5If this trial isn't the right fit, what other options or trials would you suggest I look into?
Generated to help you prepare — always confirm anything about your own eligibility and care with the study team and your doctor.
Questions for the trial coordinator
The trial coordinator is the person who runs the study day to day. These cover the practical side — logistics, costs, and what taking part would actually mean for your life. The study team confirms whether you meet the criteria; these are questions to ask, not a sign you qualify.
1What does taking part actually involve week to week — how many visits, where, and how long does each one take?
2What costs are covered by the study, and what might I have to pay for myself, including travel, parking, or time off work?
3What happens during screening, and what happens if the study team confirms I don't meet the criteria after those tests?

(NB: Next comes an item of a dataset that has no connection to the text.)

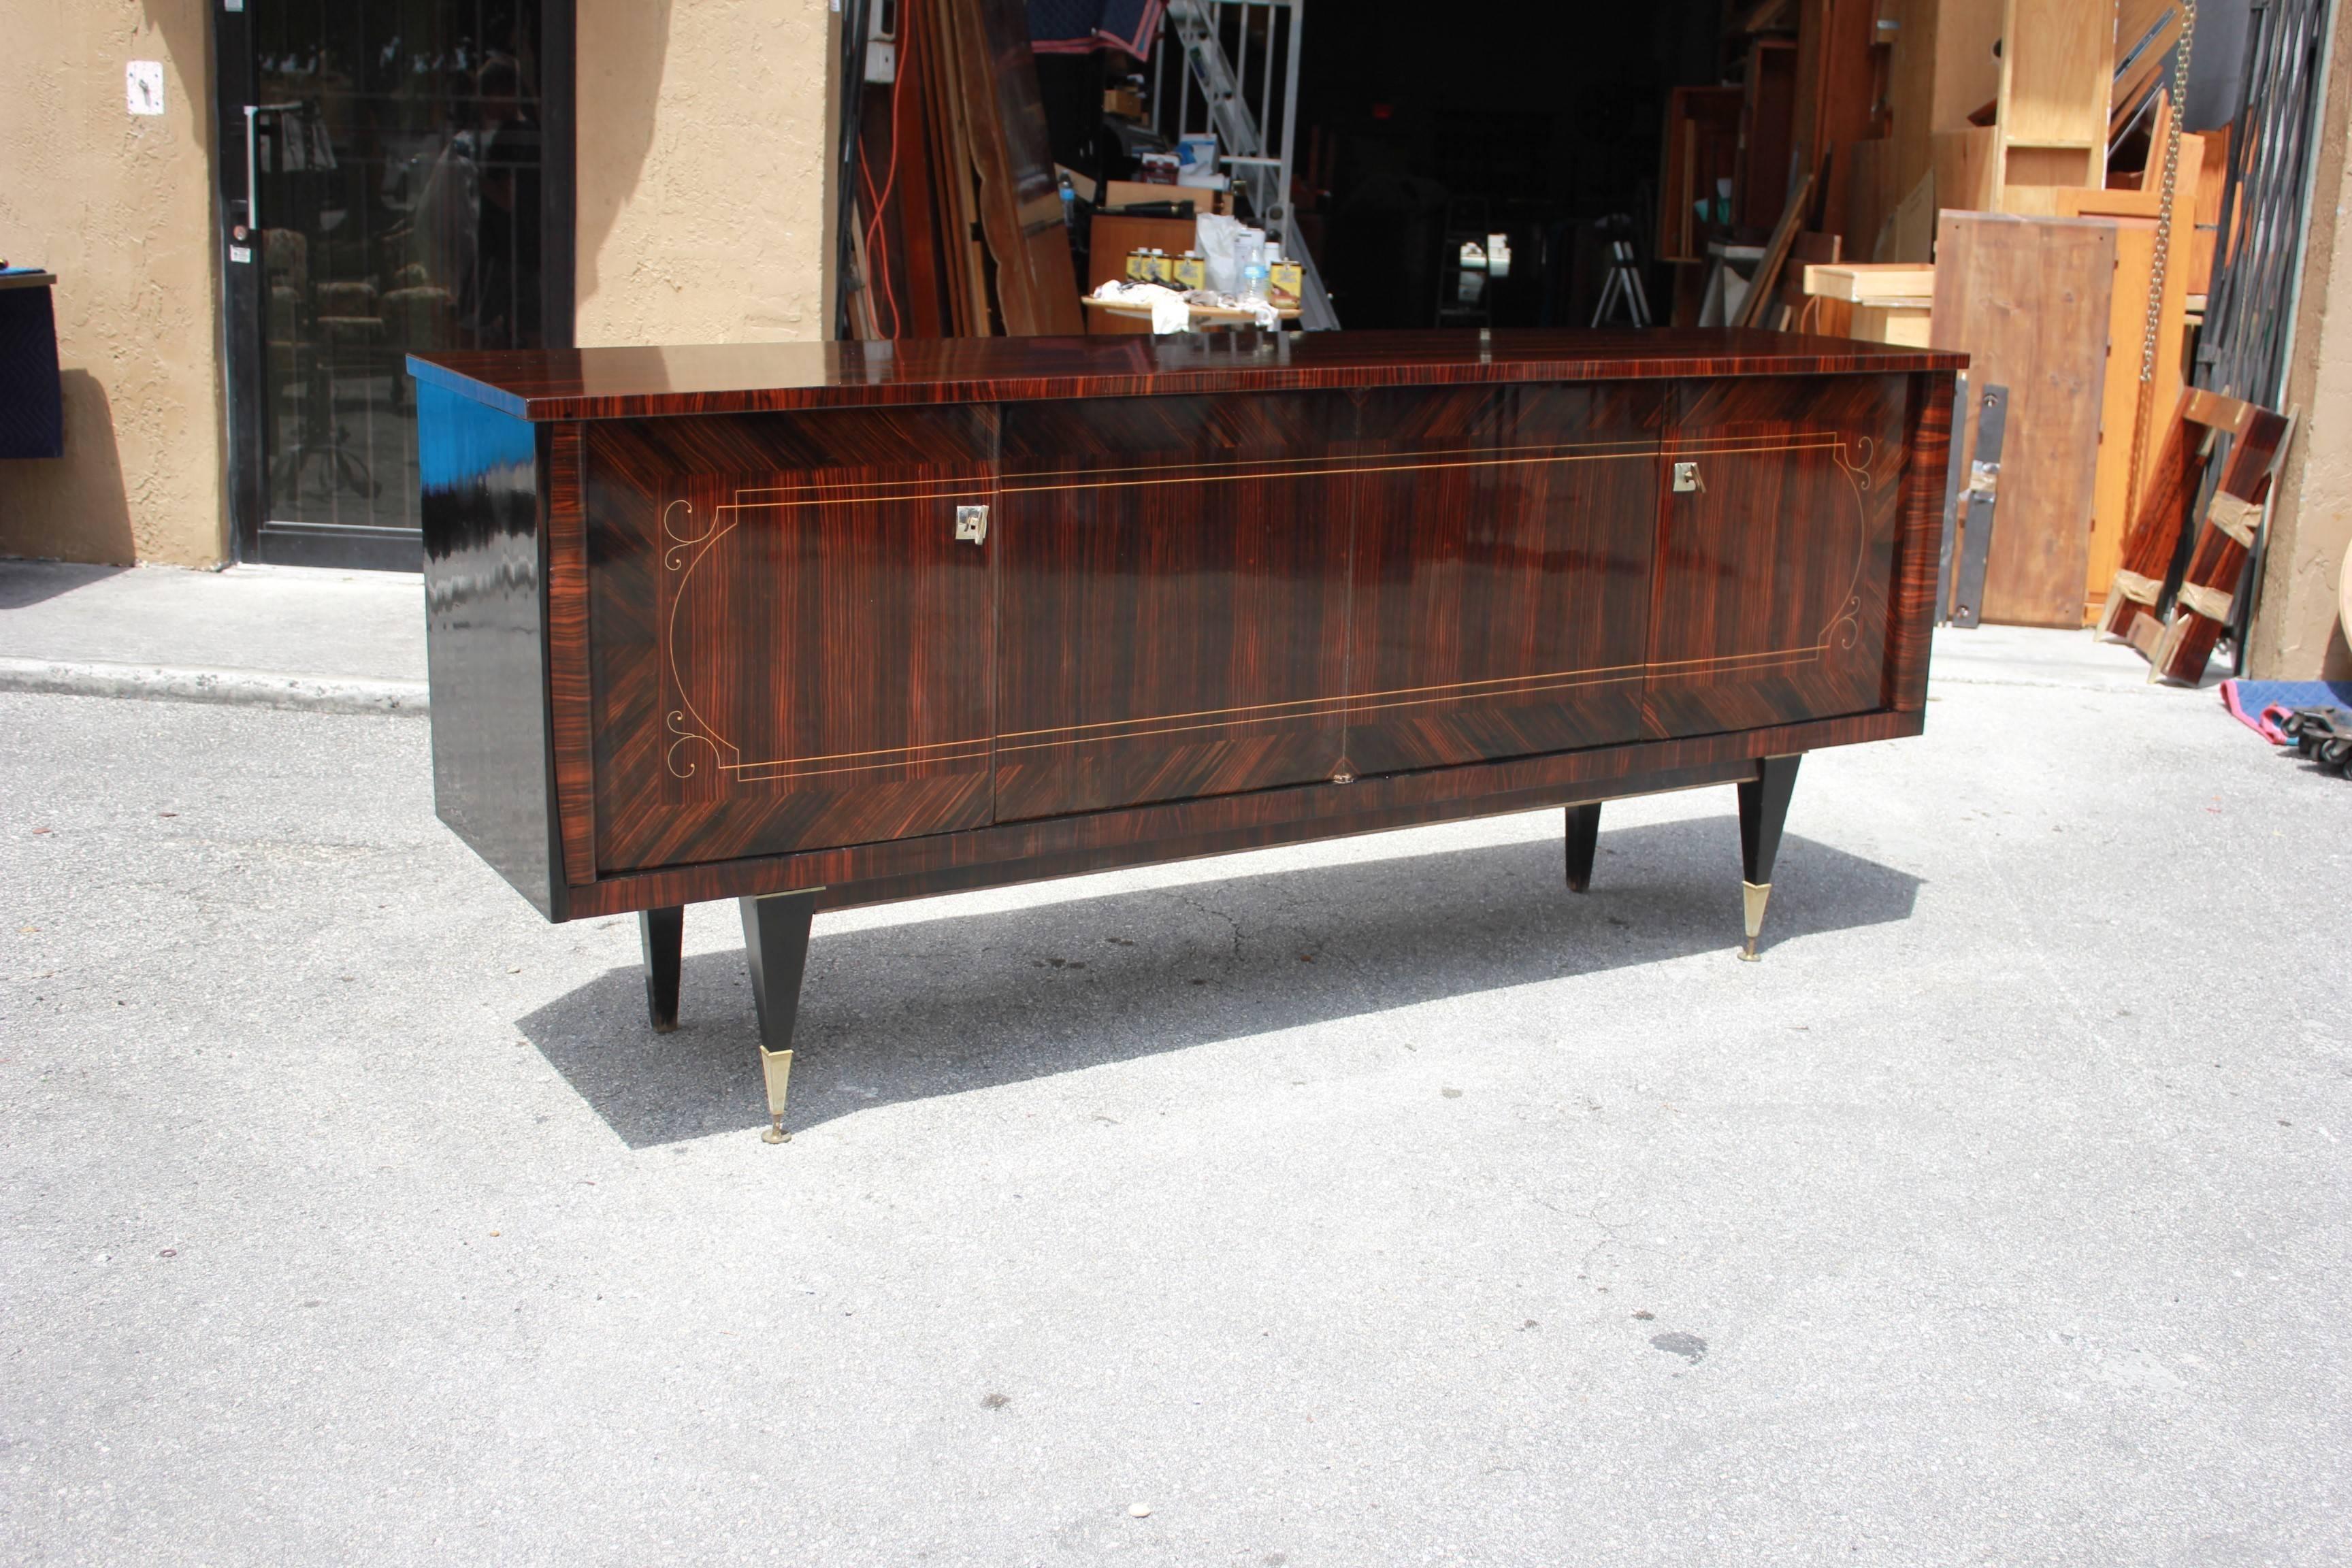 Beautiful French Art Deco exotic Macassar ebony dark grain sideboard or buffet with two drawers inside and all four shelves adjustable, you can remove the shelves if you need more place, beautiful bronze hardware detail, circa 1940s. Size 93.75
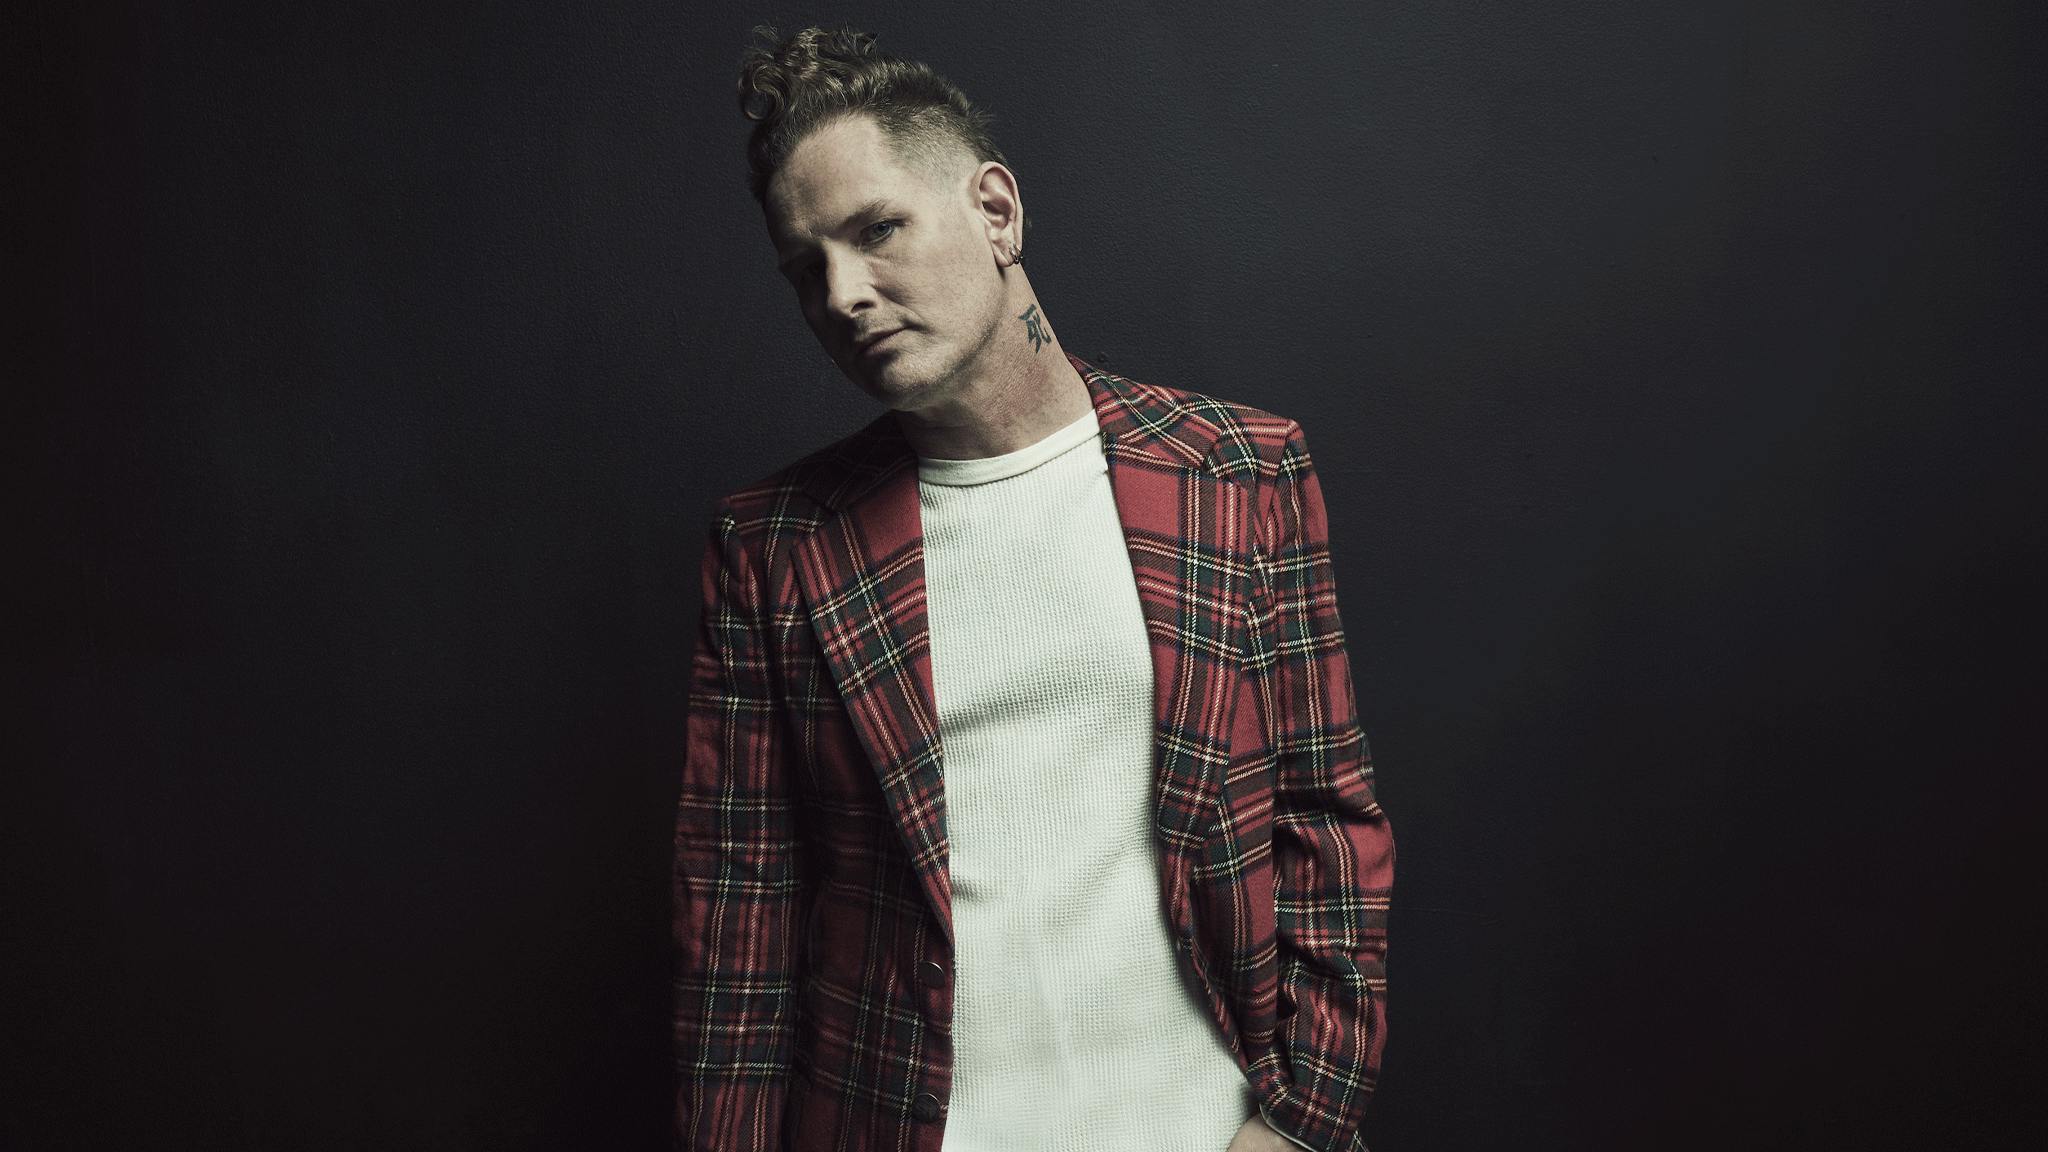 Corey Taylor signs to BMG for CMF2, announces own label imprint Decibel Cooper

4Who pays for the scans, blood work, and other tests the trial requires — the study, my insurance, or me?
5How will being in the trial affect my regular care, and will my own doctor stay informed and involved?
6Can I leave the trial at any point if I change my mind, and what would happen to my care if I do?
A starting point for the conversation — always confirm anything about your own eligibility, costs, and care with the study team and your doctor.